Maintaining vitamin D blood levels can be an important part of your health. Along with monitoring your blood levels through tests and keeping them within certain ranges, you should also look into ways to ensure that you are getting enough vitamin D. Activities that can keep your vitamin D blood levels up include spending adequate time in sunlight, taking supplements and eating foods that are rich in vitamin D.
Experts recommend that your vitamin D blood levels remain at 50–80 nanograms per milliliter (ng/ml), or 125–200 nanomoles per liter (nmol/L). Your vitamin D levels are at risk for fluctuating during the year for many reasons. Some of these include a lack of exposure to sunlight because of a change in seasons or sun exposure habits, a decrease in ingesting vitamin D foods or inadequate supplementation. Keeping your vitamin D blood levels in the appropriate range can require vigilance in all of these areas.
Taking regular vitamin D tests is a good way to ensure that your vitamin D blood levels are adequate all year. The appropriate test to take is the 25-hydroxy vitamin D test, or 25(OH)D test. They are relatively cheap, so these tests can be regularly performed without much financial strain. Some organizations can even offer the blood tests for free as part of their research efforts. It might also be wise to monitor calcium along with vitamin D.
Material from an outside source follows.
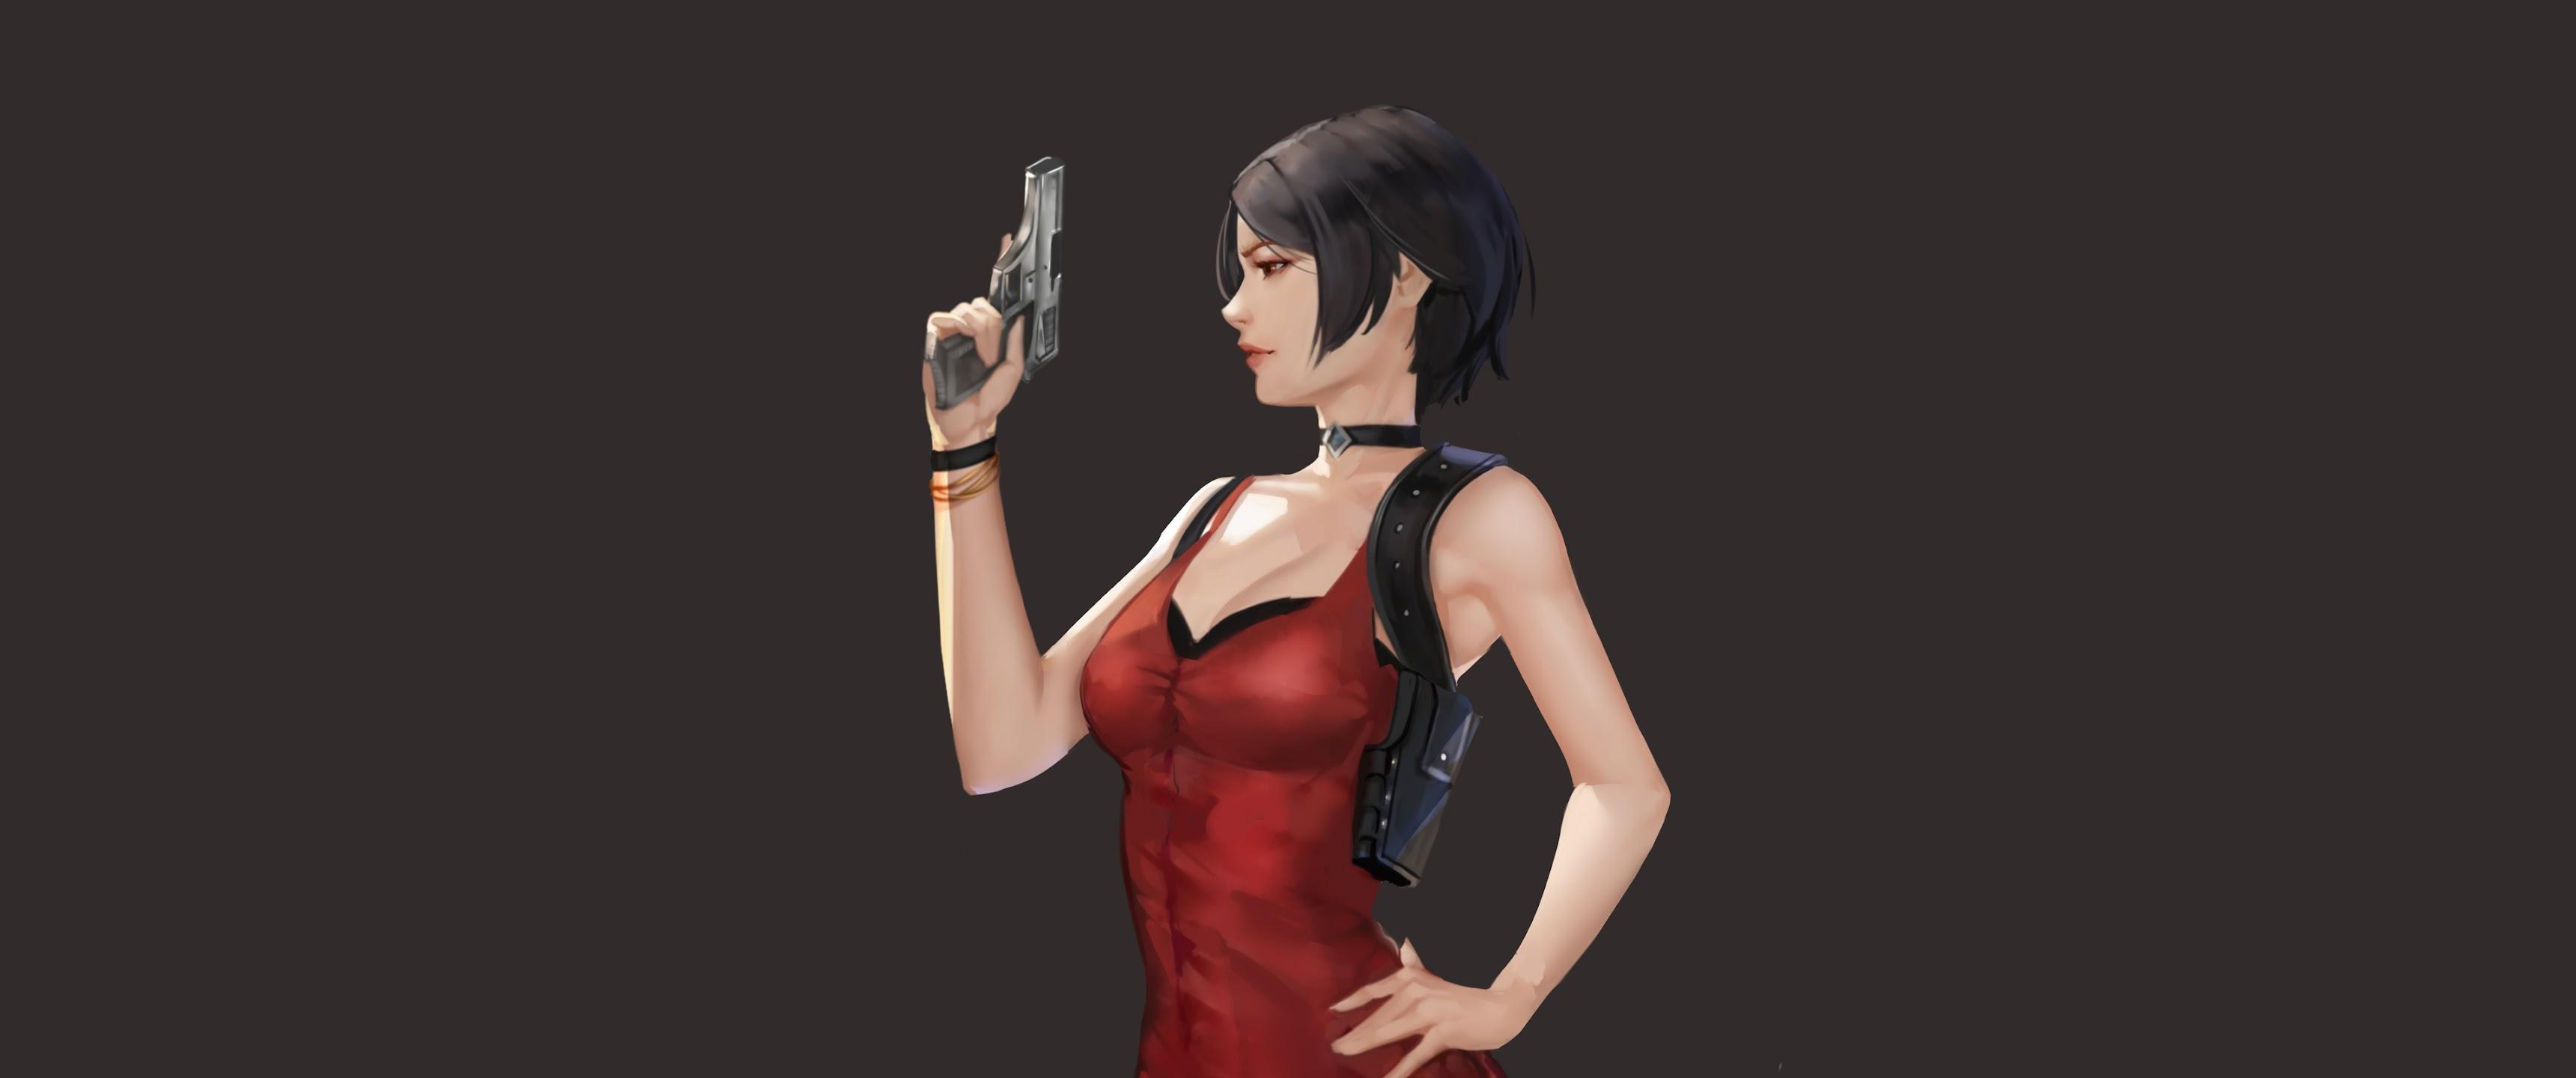 Ada Wong Resident Evil 2 Girl 4K Wallpaper #18

One of the main reasons why you might see a drop in your vitamin D blood levels is a change in seasons. Regardless of regular supplementation habits, your vitamin D blood levels can decrease during months when you are not likely to get as much sunlight as you normally would. Many people who use vitamin D supplements raise their intake of them during months when they know that their exposure to sunlight will be limited. Some research suggests that adequate vitamin D blood levels can even combat the symptoms of seasonal affective disorder (SAD).
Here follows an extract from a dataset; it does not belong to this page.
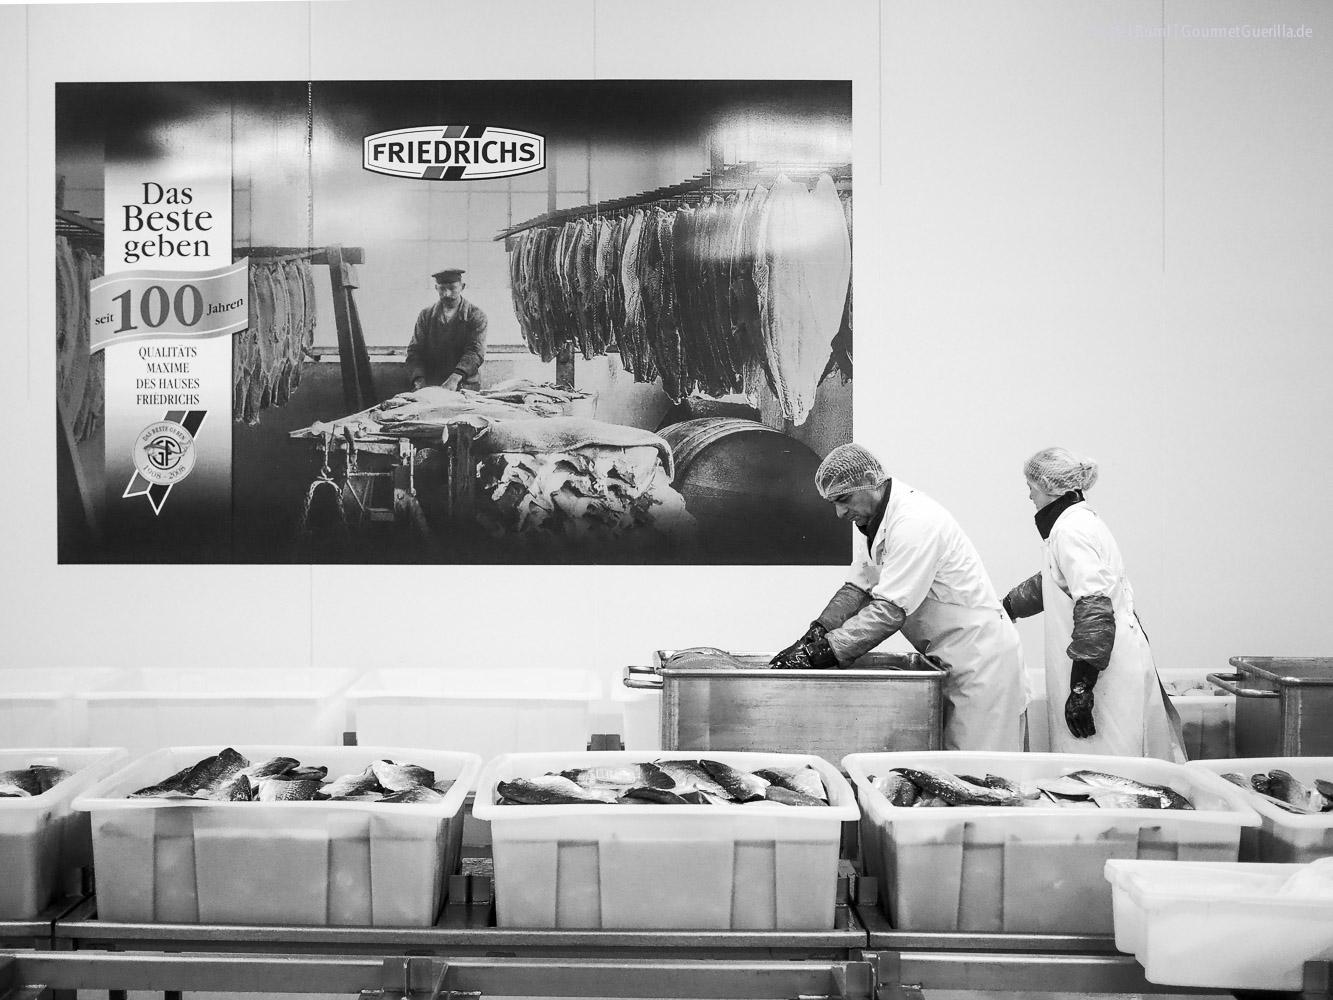 Friedrichs Feinfisch Manufaktur Herstellung und Veredelung von Alaska-Wildlachs |GourmetGuerilla.de-011490

Increasing your exposure to sunlight, taking supplements and eating certain foods can maintain your vitamin D levels. The amount of time necessary to spend underneath the sun can vary between individuals but, generally, you can help keep your vitamin D levels up by letting the sunlight hit your skin for 10-15 minutes during midday. If you have dark skin, you might need to spend a little more time in the sunlight than those who have light skin. You shouldn't allow your skin to become sunburned.
If you cannot be outside during times when the sunlight will be beneficial, artificial lights exist that emit the appropriate wavelengths to encourage vitamin D production in your skin. Any vitamin D supplements taken should be in the D3 form, or cholecalciferol form. Increasing your dietary intake of foods such as shiitake mushrooms and mackerel, tuna, sardines and herring can be beneficial as well. When attempting to maintain your vitamin D levels, make sure consult with a medical professional about the appropriate measures you should take.